[Work required]
Copy, word for word, the lines below from the one containing "In In CORAL" up to and including the one containing "F1 22 game review: The", with pictures left out.

[Information shown]
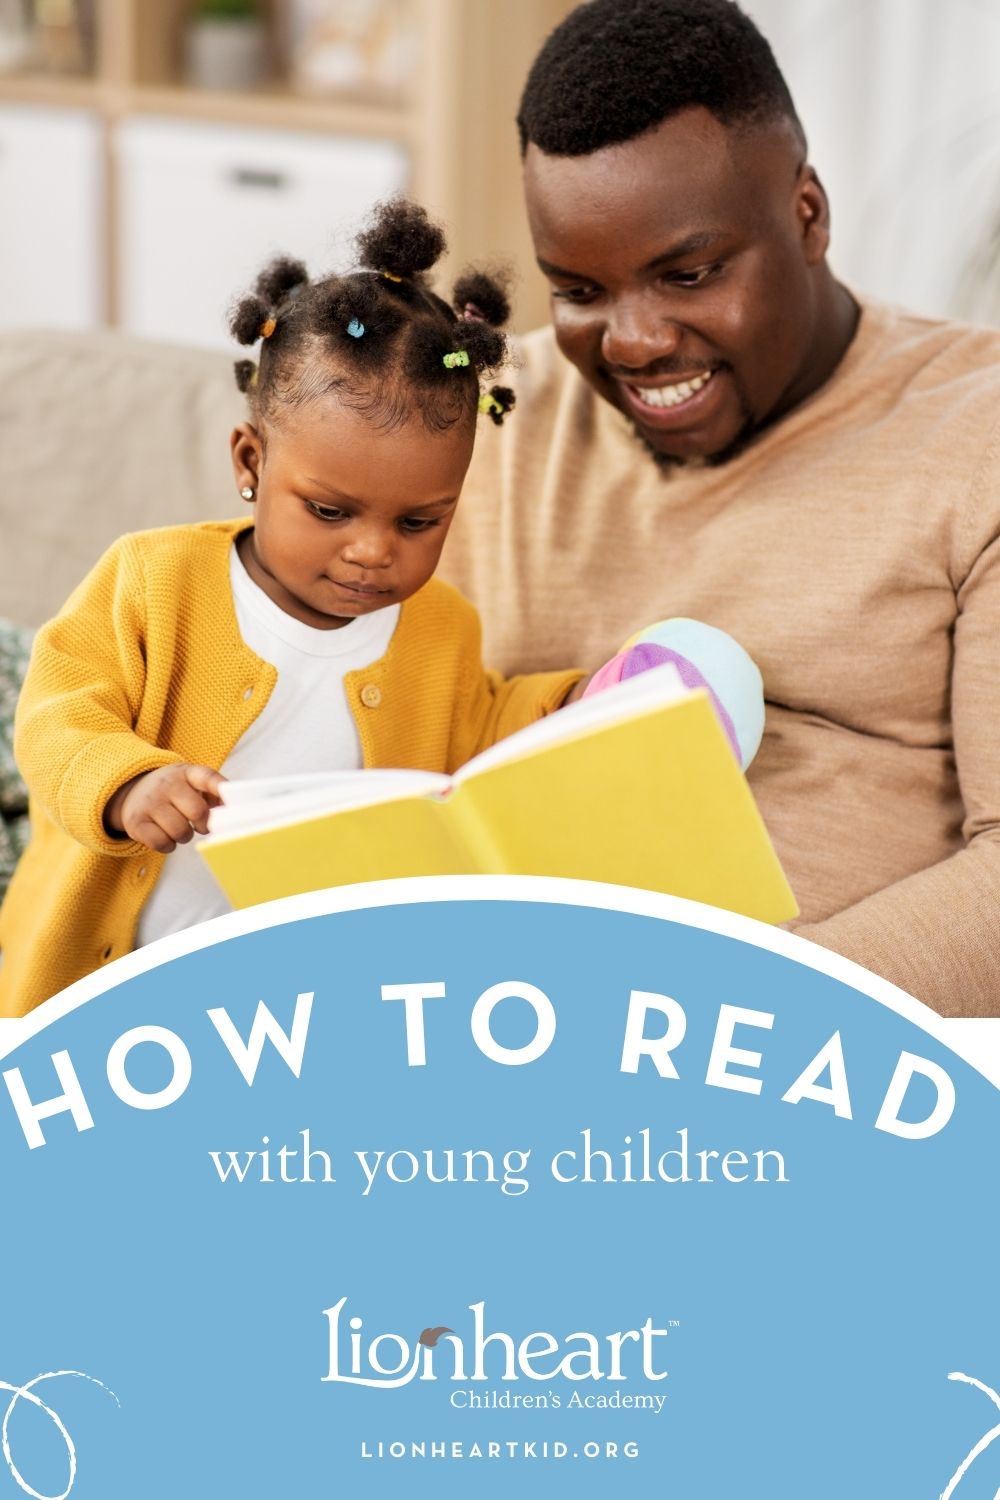 A father reads with his toddler daughter on top of an image promoting a blog on reading with young children
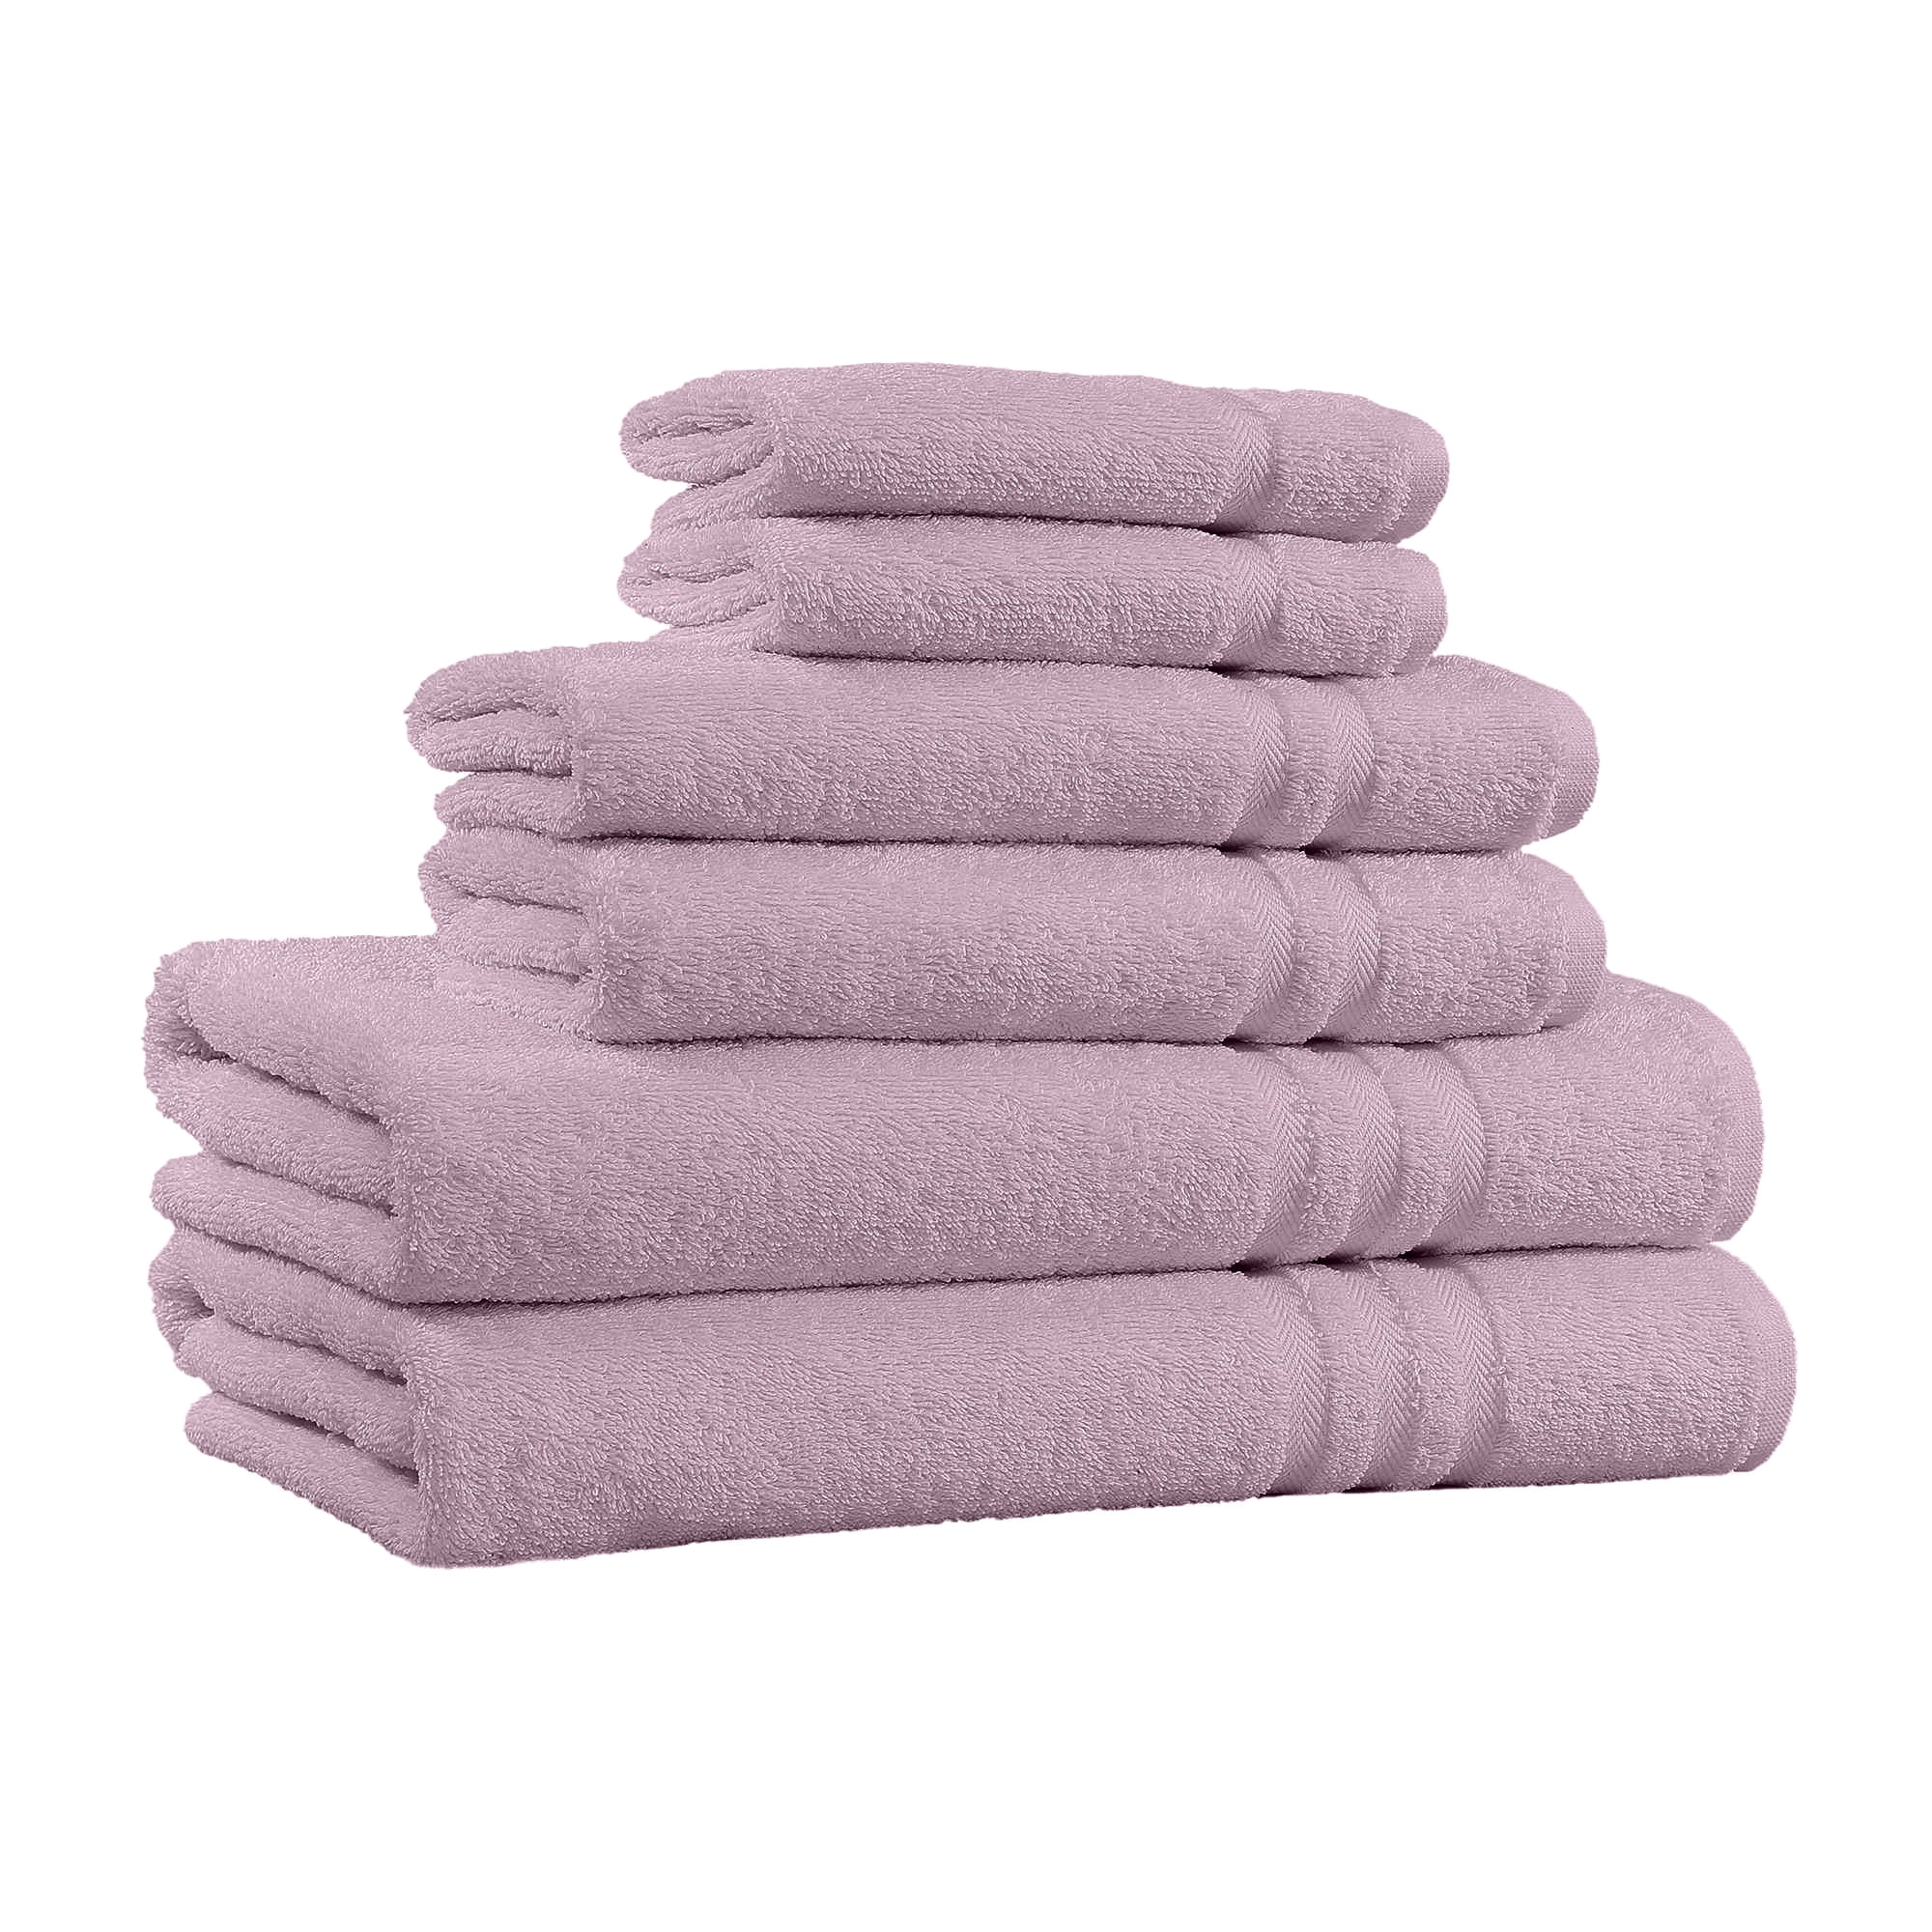 Details about   *Pack Of 4* driSoft 100% Cotton Hand Towels 13 x 13 In In CORAL 
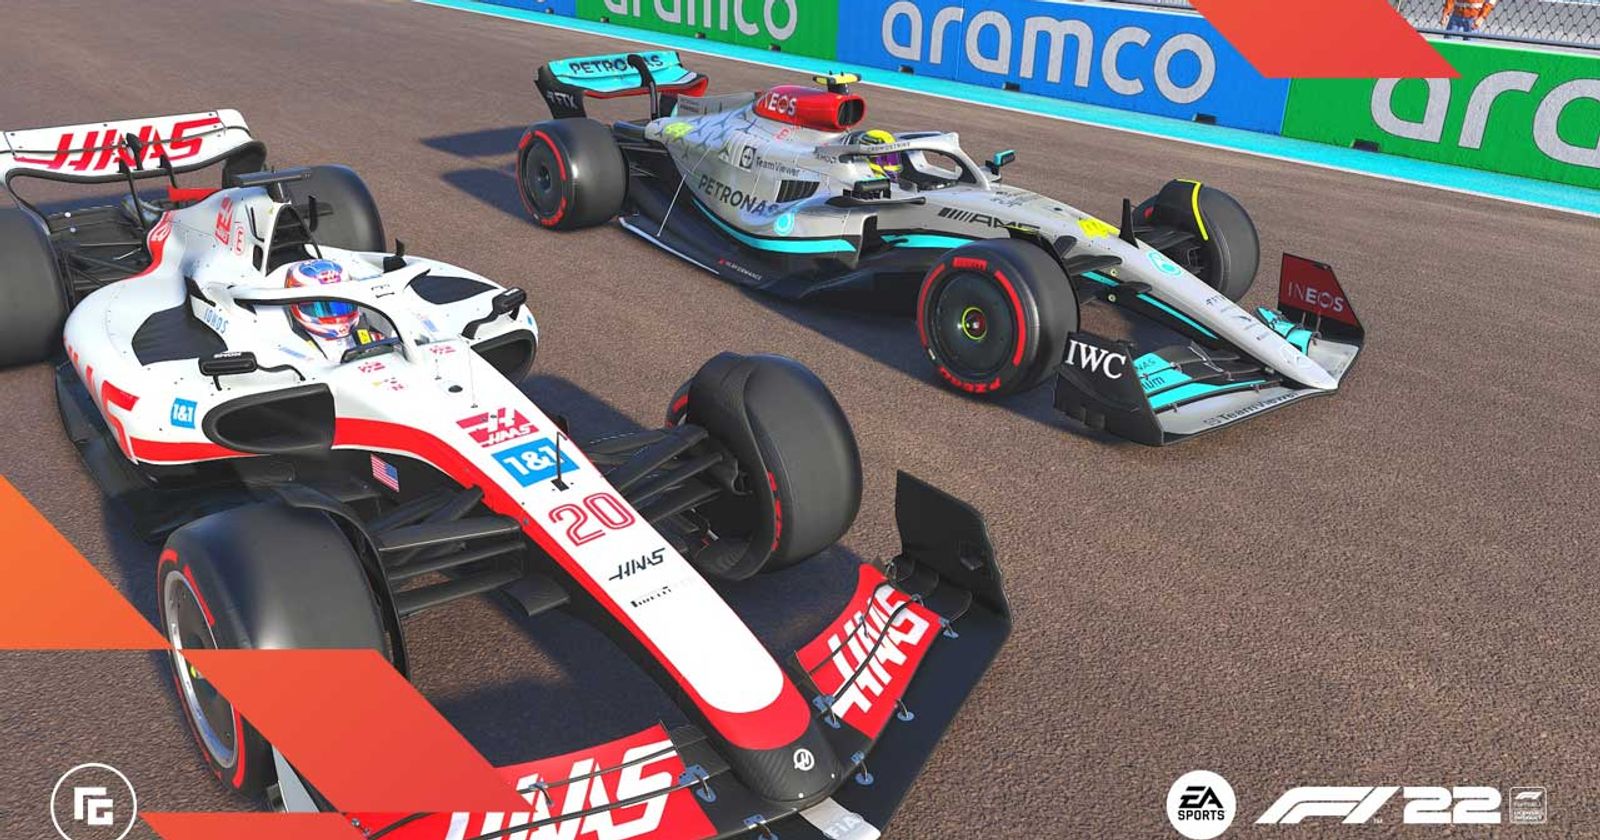 F1 22 game review: The new era of F1 games is here and it's more
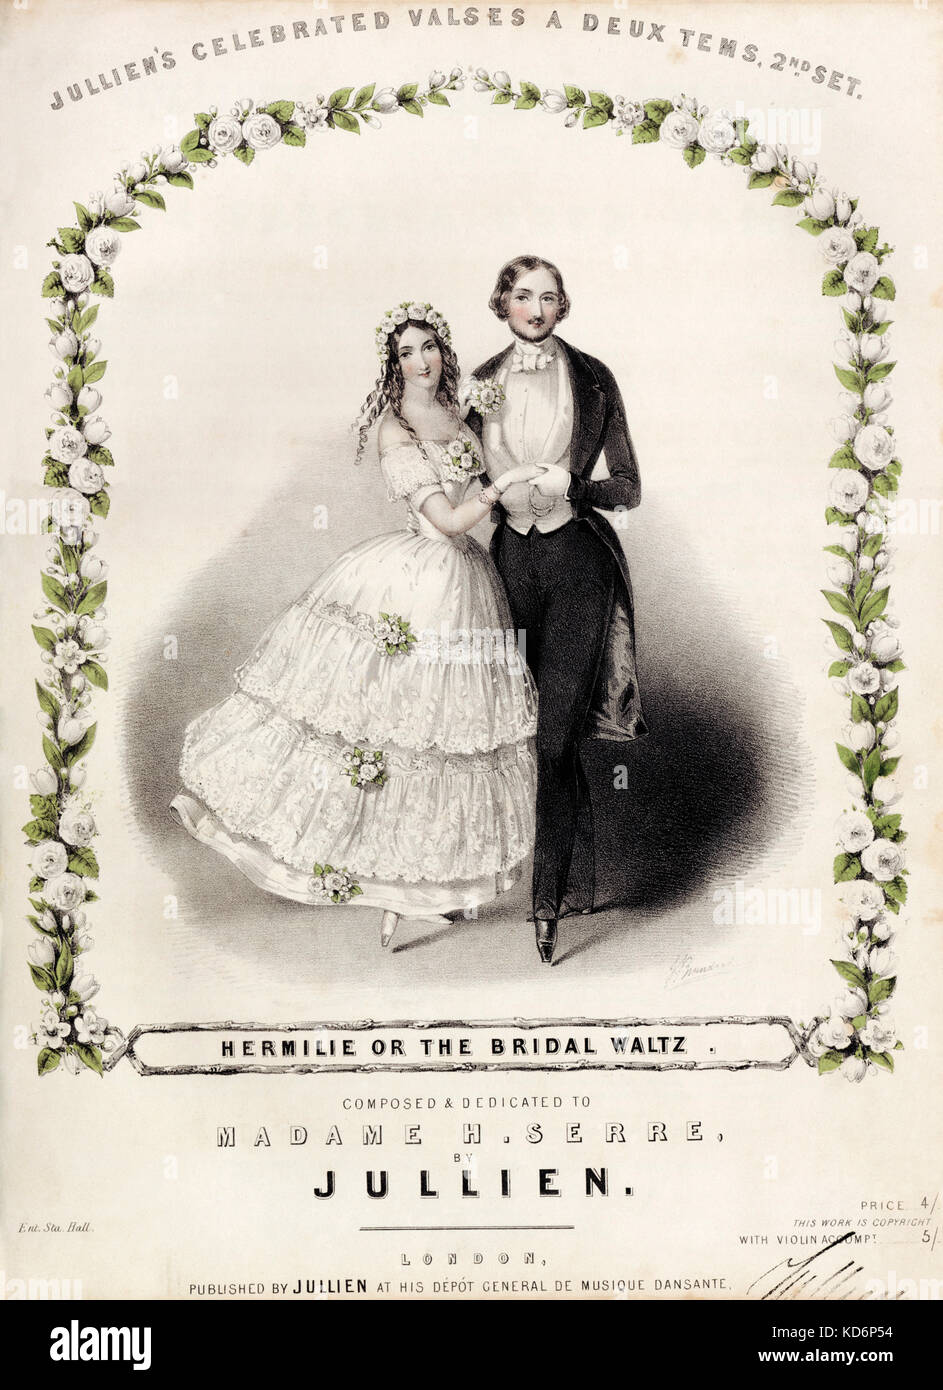 Queen Victoria and Prince Albert wedding dance. Called 'Hermilie or the Bridal Waltz' because disrespectful to refer directly to the Queen.Published, London, Julien, before 1846 - around time of Victoria 's accession to the throne of England.  Illustration by J. Brandard. 'Julien's celebrated valses a deux tems, 2nd set.' Shows steps. Stock Photo

[Output]
 Details about   *Pack Of 4* driSoft 100% Cotton Hand Towels 13 x 13 In In CORAL 
 F1 22 game review: The new era of F1 games is here and it's more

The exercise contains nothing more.